Below are several records. Retype exactly those lines running from the one with "Cette magnifique table" through the one with "Cette table à", end lines included, and no others.

*** SOURCE INFORMATION ***

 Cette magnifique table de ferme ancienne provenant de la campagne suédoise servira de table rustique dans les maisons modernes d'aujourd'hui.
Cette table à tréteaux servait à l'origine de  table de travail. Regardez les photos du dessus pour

*** End of SOURCE INFORMATION ***
*** SOURCE INFORMATION ***

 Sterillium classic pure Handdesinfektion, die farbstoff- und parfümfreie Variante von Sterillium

*** End of SOURCE INFORMATION ***

## SOLUTION TO THE EXERCISE
 Cette magnifique table de ferme ancienne provenant de la campagne suédoise servira de table rustique dans les maisons modernes d'aujourd'hui.
Cette table à tréteaux servait à l'origine de  table de travail. Regardez les photos du dessus pour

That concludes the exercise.